Medical Discovery News
Science permeates everyday life. Yet the understanding of advances in biomedical science is limited at best. Few people make the connection that biomedical science is medicine and that biomedical scientists are working today for the medicine of tomorrow. Our weekly five-hundred-word newspaper column (http://www.illuminascicom.com/) and two-minute radio show provide insights into a broad range of biomedical science topics. Medical Discovery News is dedicated to explaining discoveries in biomedical research and their promise for the future of medicine. Each release is designed to stimulate listeners to think, question and appreciate how science affects their health as well as that of the rest of the world. We also delve into significant biomedical discoveries and portray how science (or the lack of it) has impacted health throughout history.
Medical Discovery News
You Say Tomato and I say. Tomahto
1001 You Say Tomato and I say Tomahto
Welcome to Medical Discovery News. I’m Dr. David Niesel.

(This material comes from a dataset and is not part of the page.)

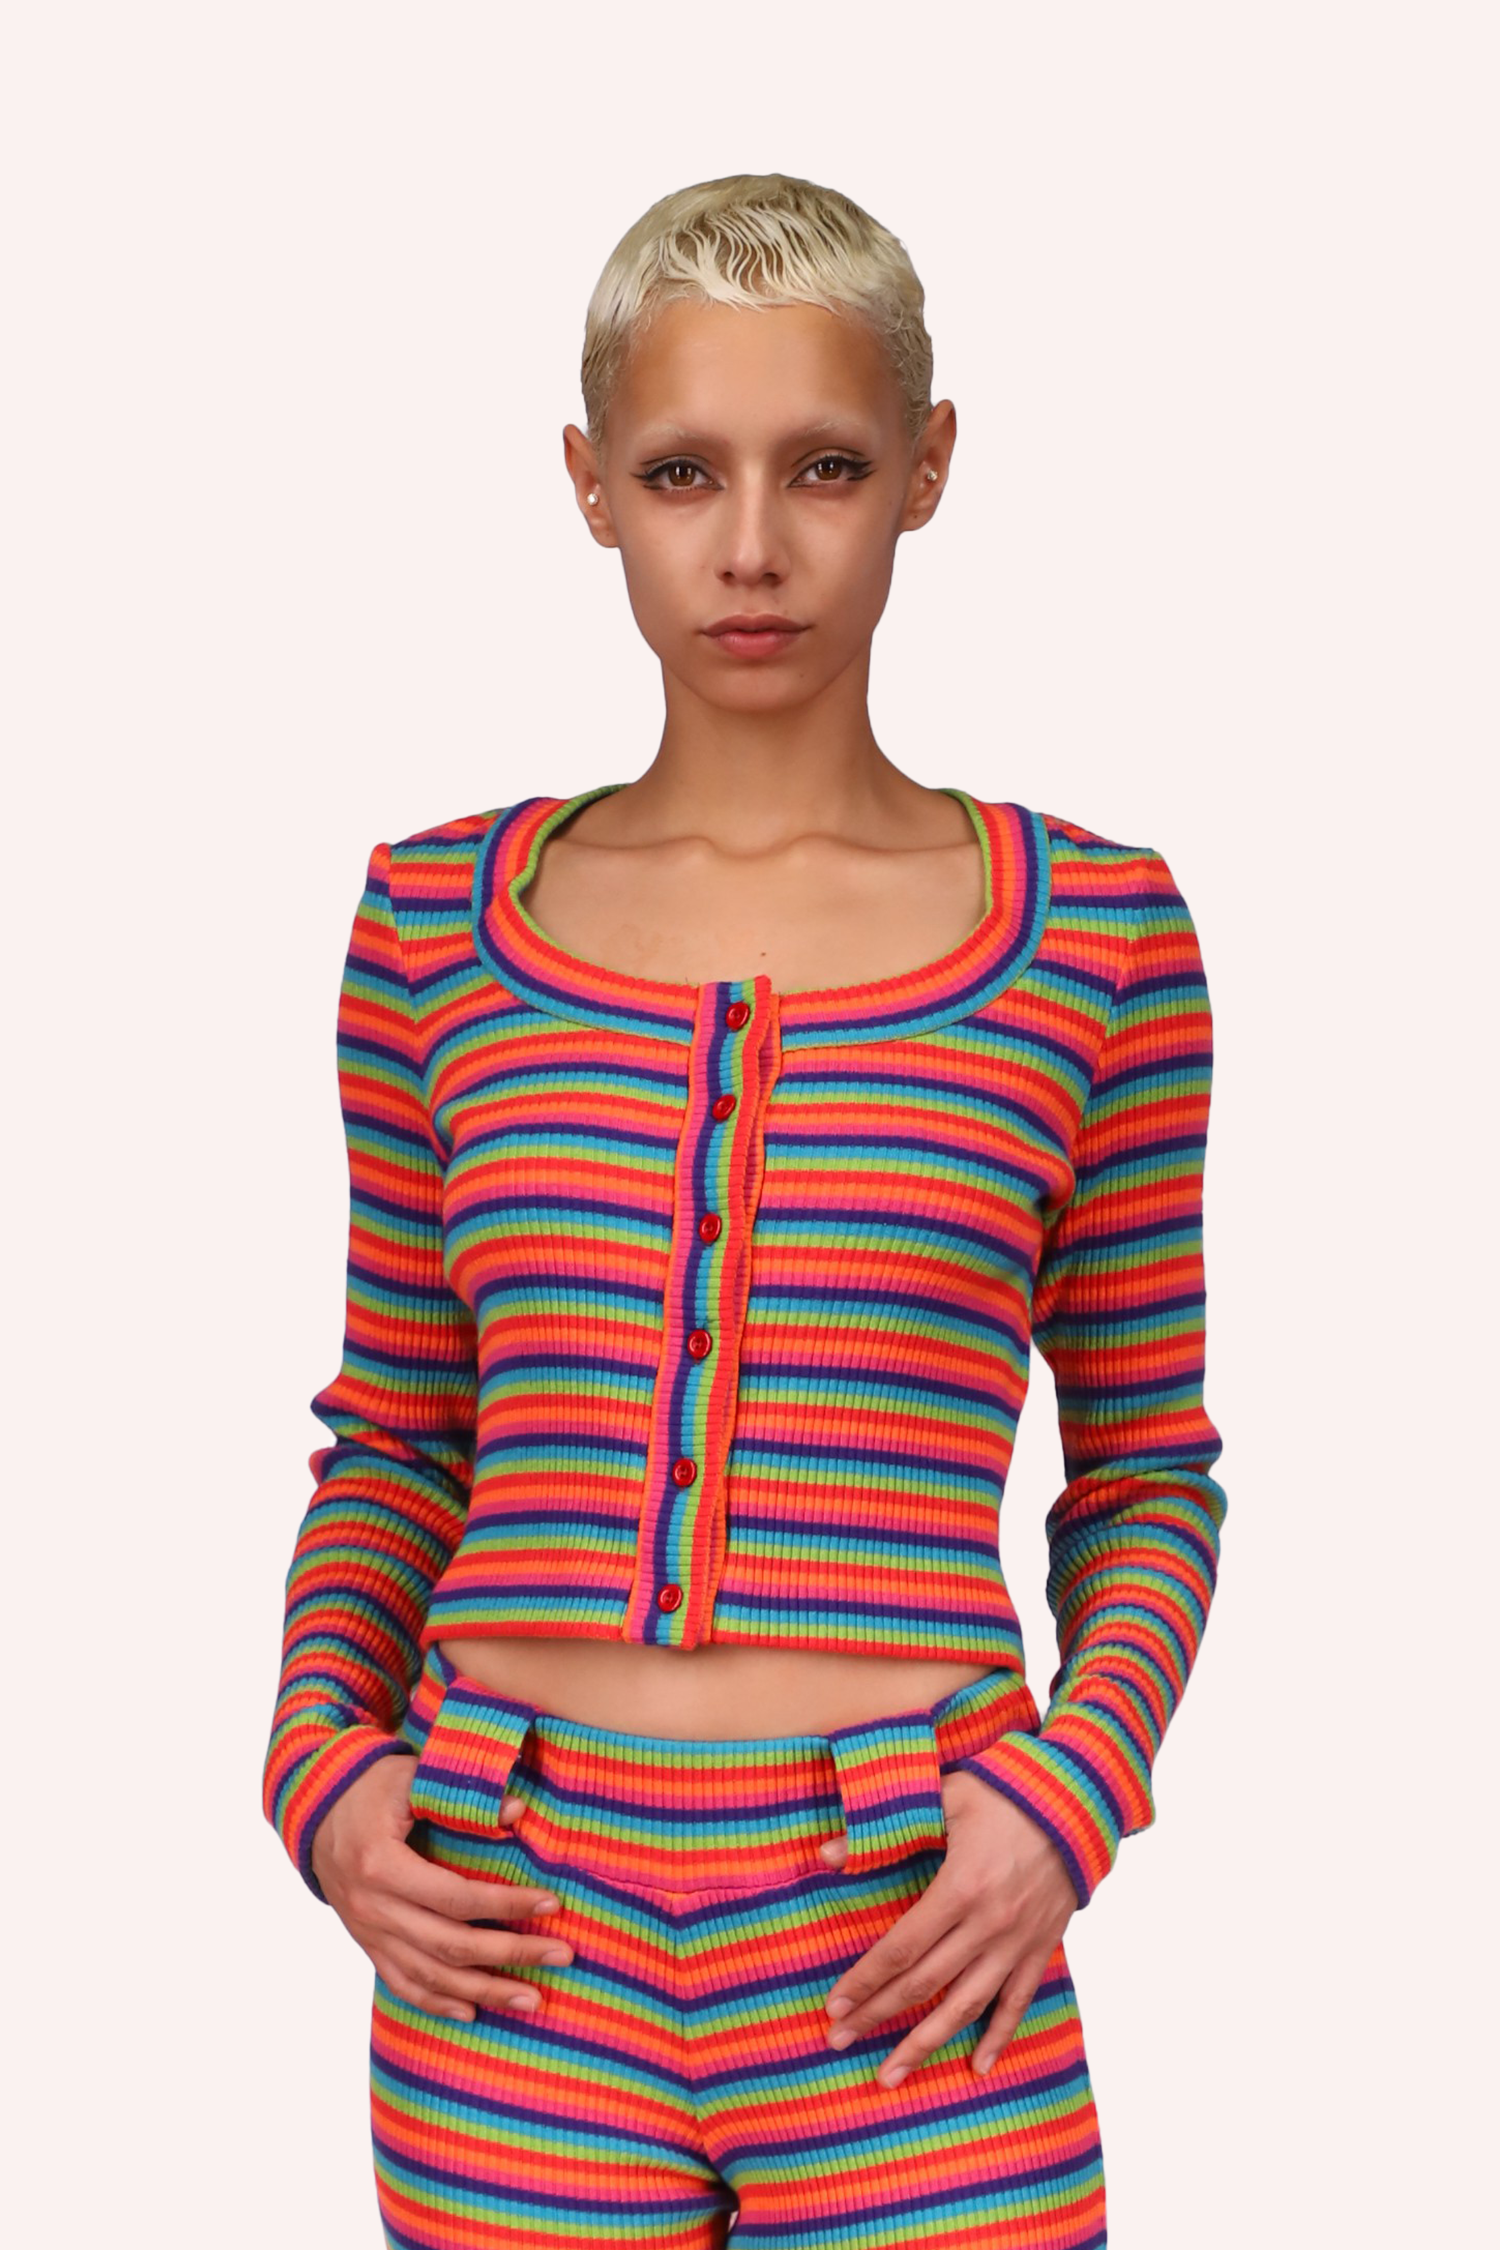 Rainbow Stripe Sweater, long sleeves, large round collar cut, 6-red button to close it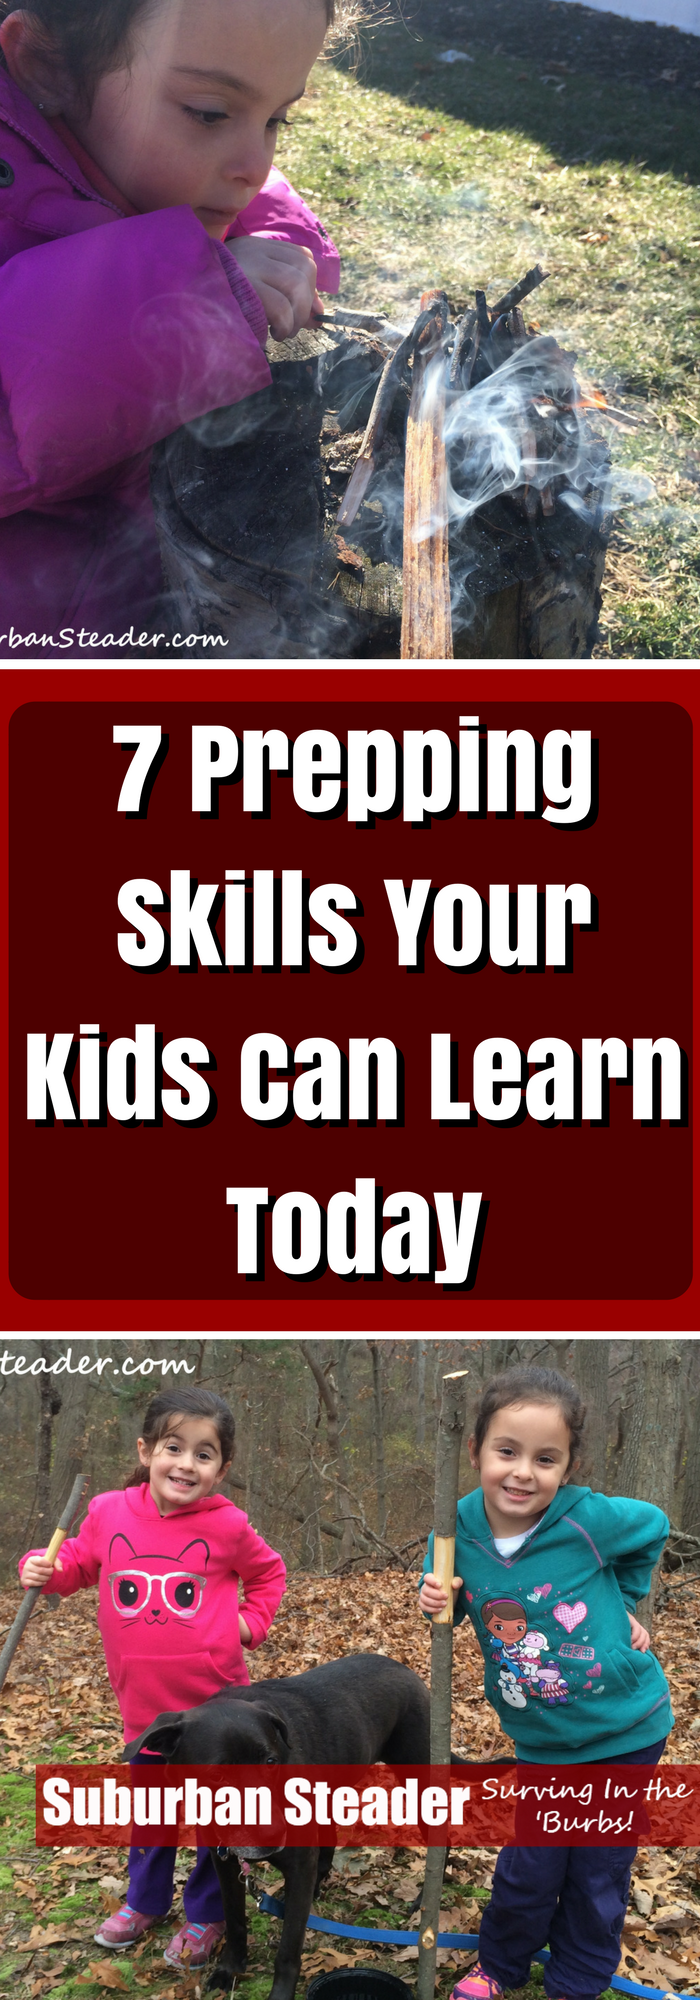 7 Prepping Skills Your Kids Can Learn Today

And I’m Dr. Norbert Herzog.
You know the old song lyric, “you say tomayto and I say tomahto?” Well, a new study has Dave and me saying, “you say tomato and I say potato.”
That’s because the tomato plant may be the ancestor to potato plants. At some point, the tomato genome joined with an ancestral form of a tuberless potato plant to form today’s potat in South America’s Andes mountains about nine million years ago.
The ancestral tuberless potato plant is called Etubersum. It had been a scientific mystery how this plant’s stem began enlarging into potatoes until a Chinese research group did molecular analysis on more than forty wild potato species and a dozen species of wild tomato plants.
They found that wild potatoes have a genome that’s the combination of tomato and Etubersum genes. And the mixing is extensive which means large presence of both genes, implying the potato wasn’t the result of simple mutations.
Instead, the theory is that the genomes hybridized together to form the modern potato. A single gene called SPAsix may be the genetic switch that creates tubers in potatoes.
And a second gene called IT-one directs the underground stems to develop into potatoes. Today, over one hundred potato species grow in the wild and form potatoes of various shapes and colors.
Results from the new study may help scientists grow hardier potatoes which will be important as the earth warms and crops will need to adapt.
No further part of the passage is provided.